Kestrel
AI agents that build deterministic workflows for platform engineering.
What it does
Kestrel is an AI-powered platform that helps platform engineering teams automate complex operational workflows. Using natural language, users describe the automation they need—such as incident response, cloud provisioning, CI/CD pipeline orchestration, or developer requests—and Kestrel's AI agent generates a deterministic workflow graph. These workflows are composed of 140+ pre-built actions across 30+ integrations (including Kubernetes, AWS, Vercel, PagerDuty, Slack, Jira, GitHub, and more) and can be further refined with a visual DAG editor, CLI, Python SDK, or MCP server. Once deployed, workflows execute reliably every time, with no hallucinations or surprises, because the AI builds the workflow but the execution runs the exact code defined.
Key capabilities include:
- Workflow Agent: Convert plain English descriptions into production-ready workflow graphs.
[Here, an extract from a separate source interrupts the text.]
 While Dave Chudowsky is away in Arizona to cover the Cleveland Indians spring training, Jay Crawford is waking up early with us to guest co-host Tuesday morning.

- Deterministic Execution: Workflows run the same code every time, ensuring predictable outcomes.
- Access Control: RBAC per workflow, approval gates (in-platform, Slack-based, or PR-based), and a full audit trail.
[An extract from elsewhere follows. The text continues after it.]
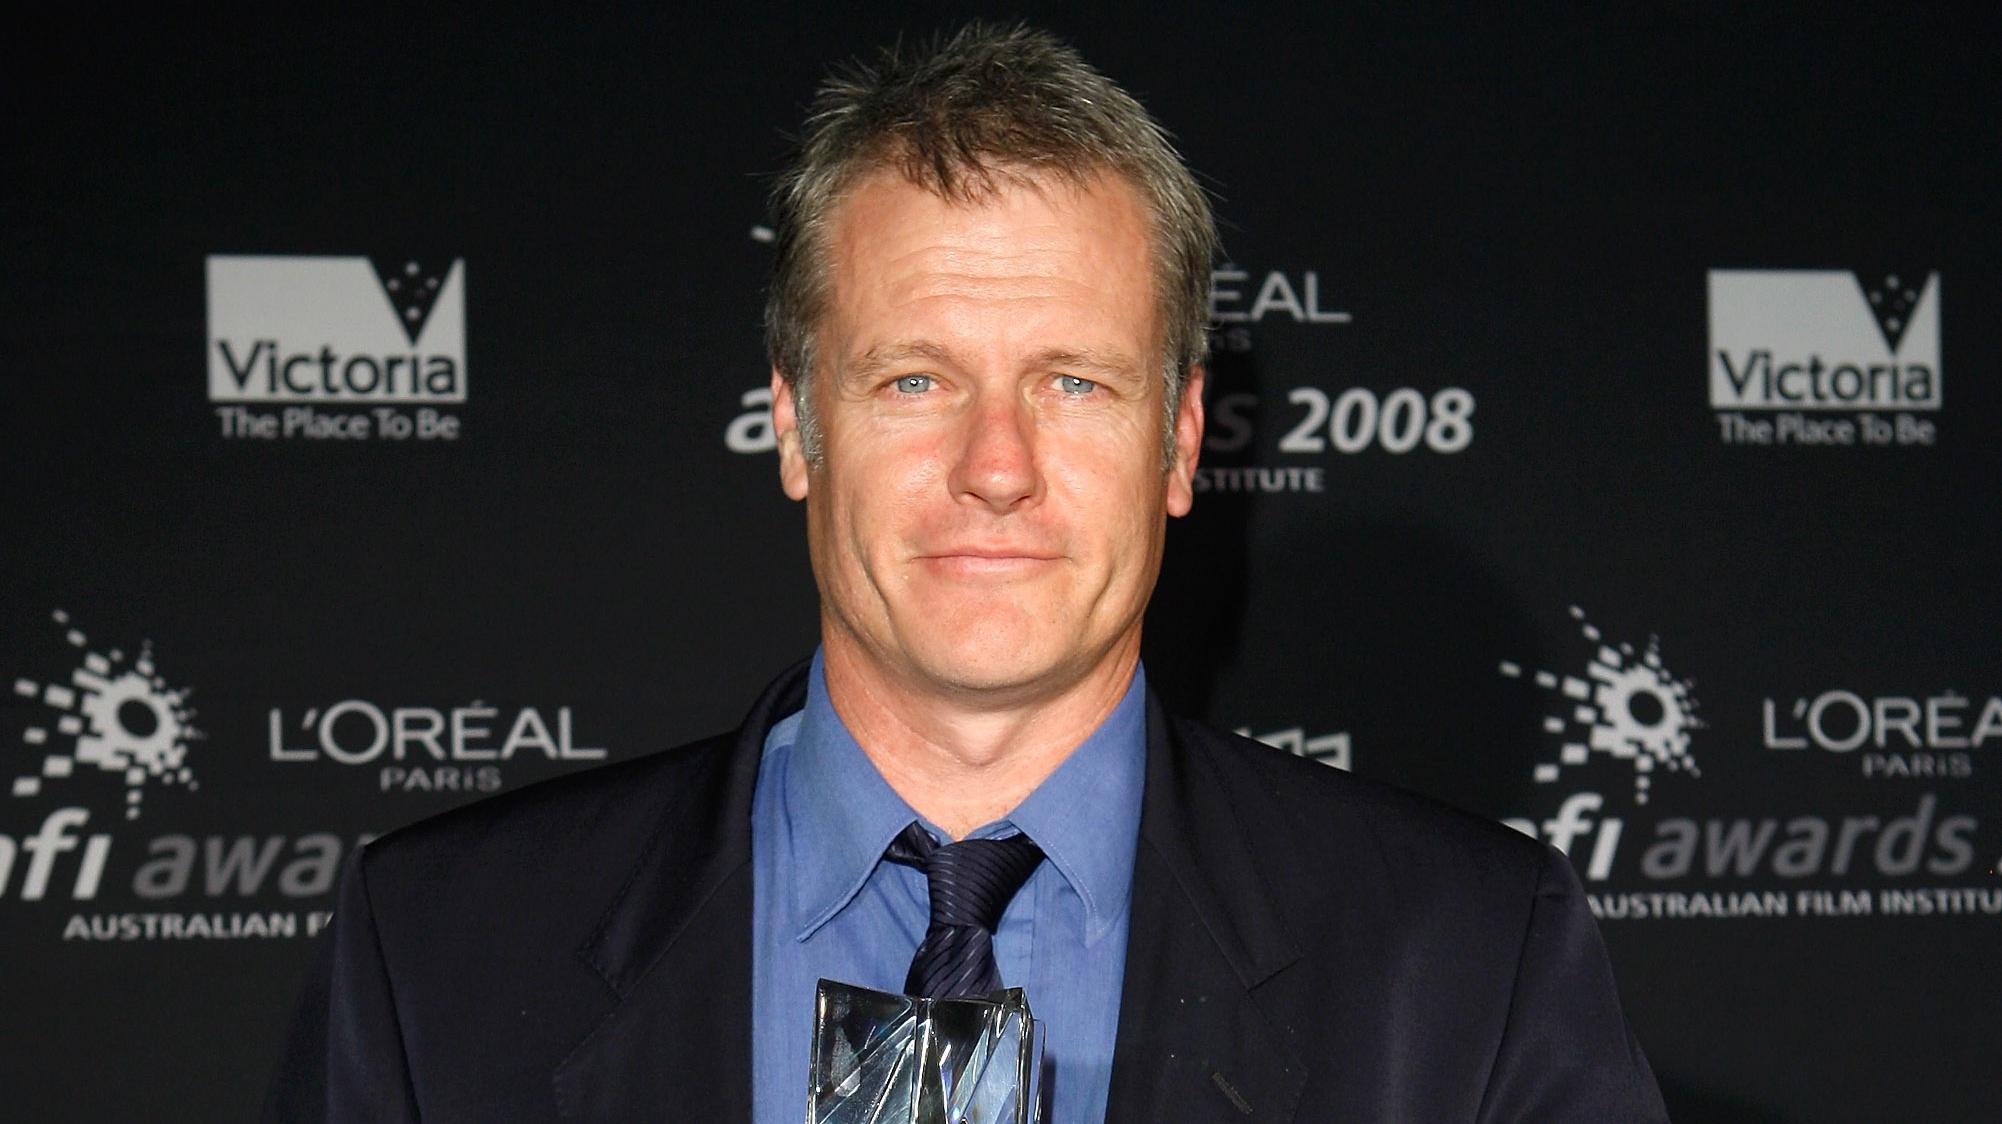 William McInnes poses with the AFI Award for Best Lead Actor for "Unfinished Sky" on December 6, 2008

- Observability: Real-time dashboard with step-level logs, execution history, latency metrics, and failure alerts.
- Developer Tools: Manage workflows from CLI, Python SDK, or MCP server for integration with AI coding assistants.
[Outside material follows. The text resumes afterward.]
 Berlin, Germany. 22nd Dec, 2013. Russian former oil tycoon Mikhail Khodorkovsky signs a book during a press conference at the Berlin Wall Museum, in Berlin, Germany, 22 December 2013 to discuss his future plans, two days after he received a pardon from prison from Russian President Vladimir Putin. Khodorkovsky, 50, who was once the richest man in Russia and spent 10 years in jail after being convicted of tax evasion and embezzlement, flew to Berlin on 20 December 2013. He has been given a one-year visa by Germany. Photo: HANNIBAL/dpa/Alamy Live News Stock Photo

- Suggested Workflows: AI analyzes connected integrations and suggests ready-to-use workflows.
Who it is for
Kestrel is built for platform engineering teams, DevOps engineers, SREs, and infrastructure teams who need to automate repetitive, multi-step operational tasks across their stack. It is also useful for developers who want self-serve infrastructure provisioning with guardrails, and for security teams that need automated incident response and threat containment. The product is designed for organizations that already use tools like Kubernetes, AWS, PagerDuty, Slack, Jira, and GitHub, and want to connect them into automated, auditable workflows.
Why it matters
Platform engineering teams often spend significant time building and maintaining custom automation scripts, glue code, and runbooks. These manual efforts are error-prone, hard to scale, and difficult to audit. Kestrel reduces this burden by letting teams describe automations in natural language and instantly get a deterministic, production-ready workflow. The deterministic execution model eliminates the risk of AI hallucinations in production, while the built-in access controls and audit trail ensure compliance and security. By automating incident response, cloud provisioning, CI/CD pipelines, and developer requests, Kestrel helps teams reduce mean time to resolution (MTTR), improve developer productivity, and enforce consistent operational practices.
Launch signal
Kestrel launched on Y Combinator and is backed by Y Combinator. The website prominently features this backing and a "We launched on Y Combinator" callout. The product is available as a cloud service or self-hosted, with a 14-day free trial (no credit card required). Pricing is usage-based for workflows (pay per execution, with blocks priced at $0.10 for light, $0.20 for regular, $0.40 for heavy) and per-cluster/per-cloud-account for incident response ($200/month for starter tier). The platform claims SOC 2 compliance, tenant isolation, and read-only-by-default permissions.
Brand and naming
The name "Kestrel" evokes speed, precision, and a bird of prey's keen vision—fitting for a tool that rapidly detects and responds to incidents. The tagline "AI Agents for Platform Engineering" clearly positions the product in the DevOps/AIOps space. The brand emphasizes determinism and reliability, countering common fears about AI unpredictability in production environments.